Machine Learning for Query Formulation in Question Answering
Natural Language Engineering
Research on question answering dates back to the 1960s but has more recently been revisited as part of TREC’s evaluation campaigns, where question answering is addressed as a subarea of information retrieval that focuses on specific answers to a user’s information need. Whereas document retrieval systems aim to return the documents that are most relevant to a user’s query, question answering systems aim to return actual answers to a users question. Despite this difference, question answering systems rely on information retrieval components to identify documents that contain an answer to a user’s question. The computationally more expensive answer extraction methods are then applied only to this subset of documents that are likely to contain an answer.
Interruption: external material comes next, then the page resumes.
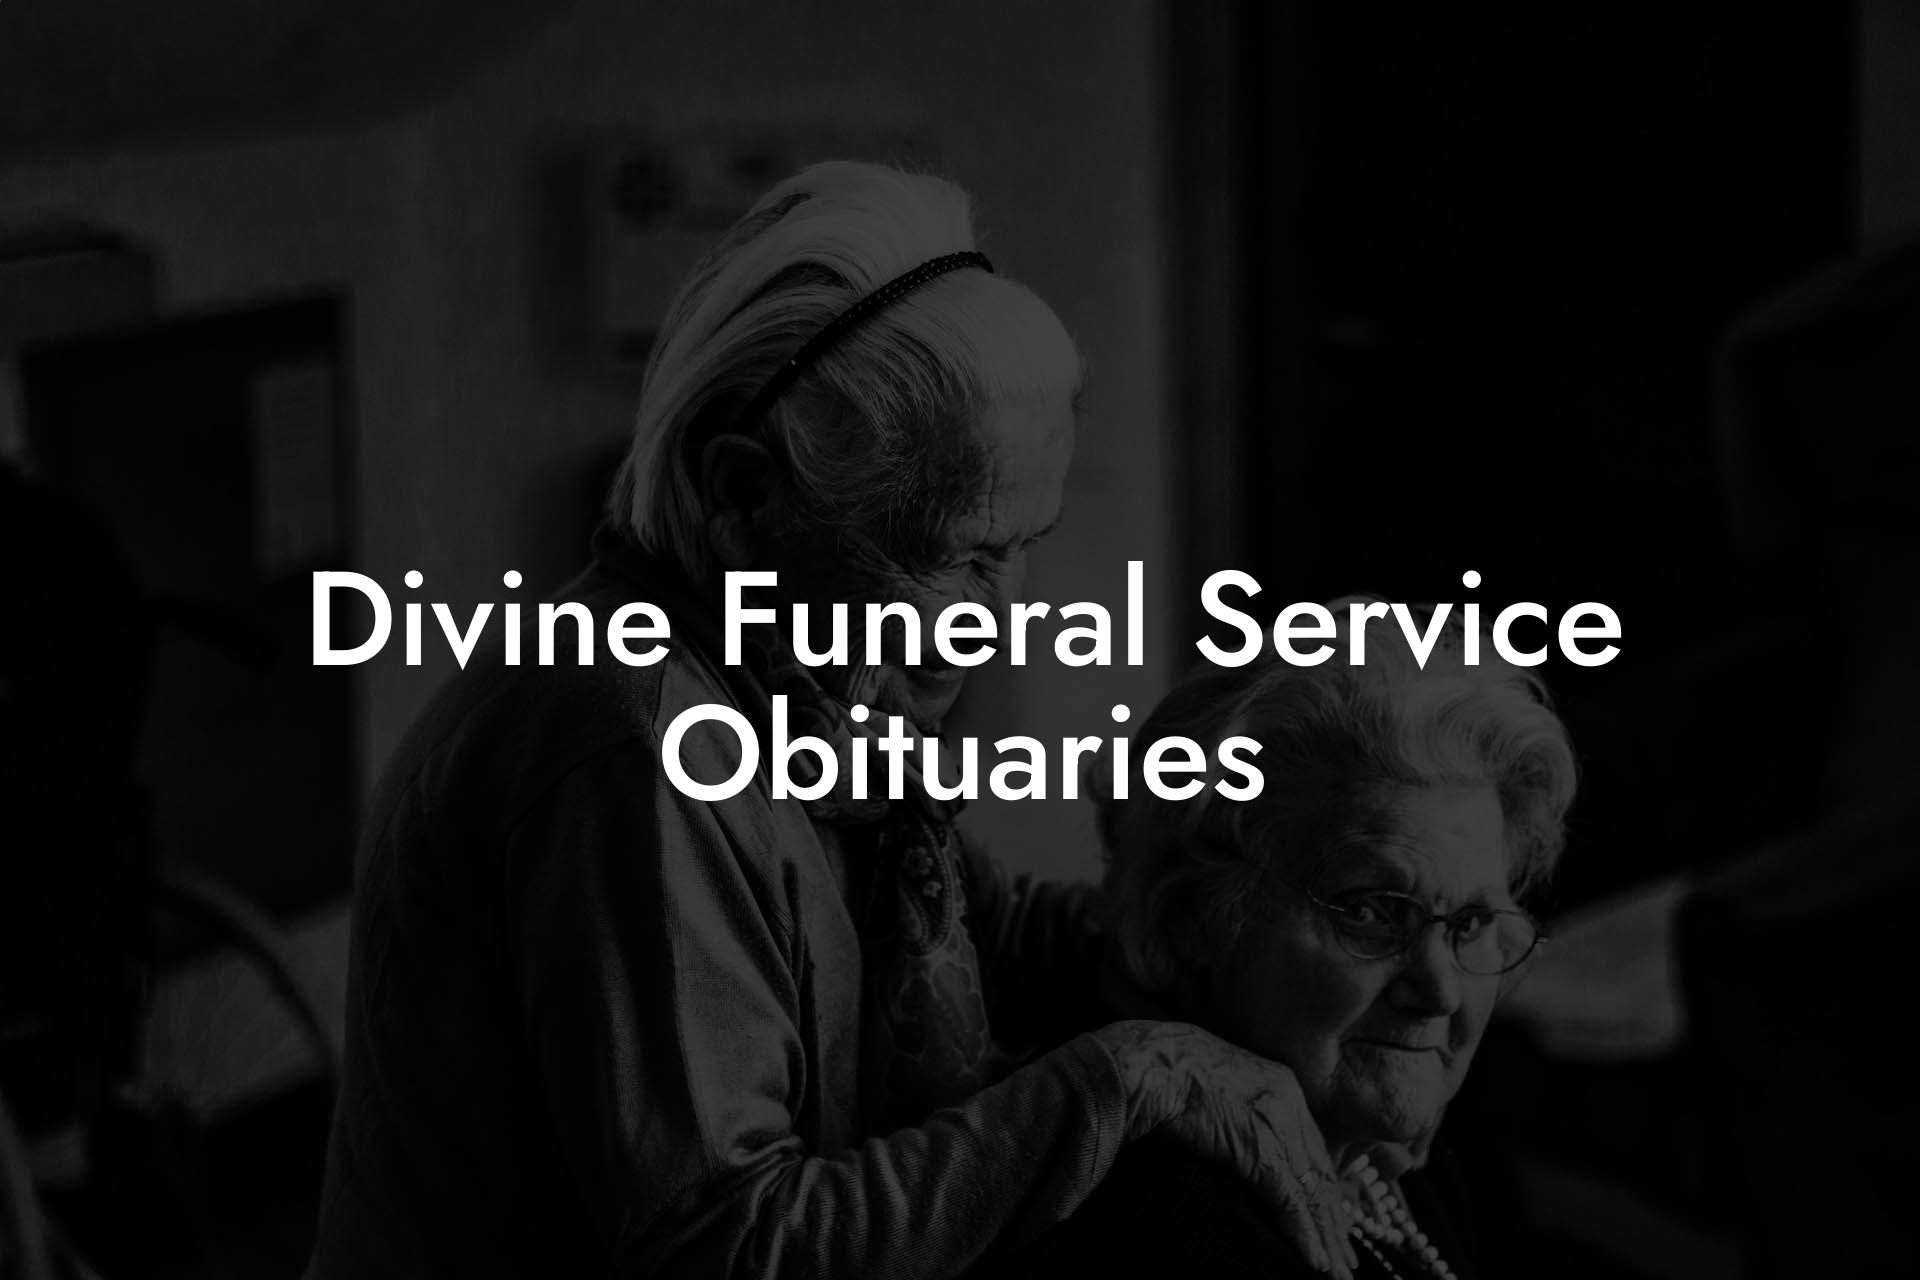 Divine Funeral Service Obituaries

As information retrieval methods are used to filter the documents in the collection, the performance of this component is critical as documents that are not retrieved are not analyzed by the answer extraction component. The formulation of queries that are used for retrieving those documents has a strong impact on the effectiveness of the retrieval component. In this paper, we focus on predicting the importance of terms from the original question. We use model tree machine learning techniques in order to assign weights to query terms according to their usefulness for identifying documents that contain an answer. Term weights are learned by inspecting a large number of query formulation variations and their respective accuracy in identifying documents containing an answer. Several linguistic features are used for building the models, including part-of-speech tags, degree of connectivity in the dependency parse tree of the question, and ontological information. All of these features are extracted automatically by using several natural language processing tools. Incorporating the learned weights into a state-of- the-art retrieval system results in statistically significant improvements in identifying answer-bearing documents.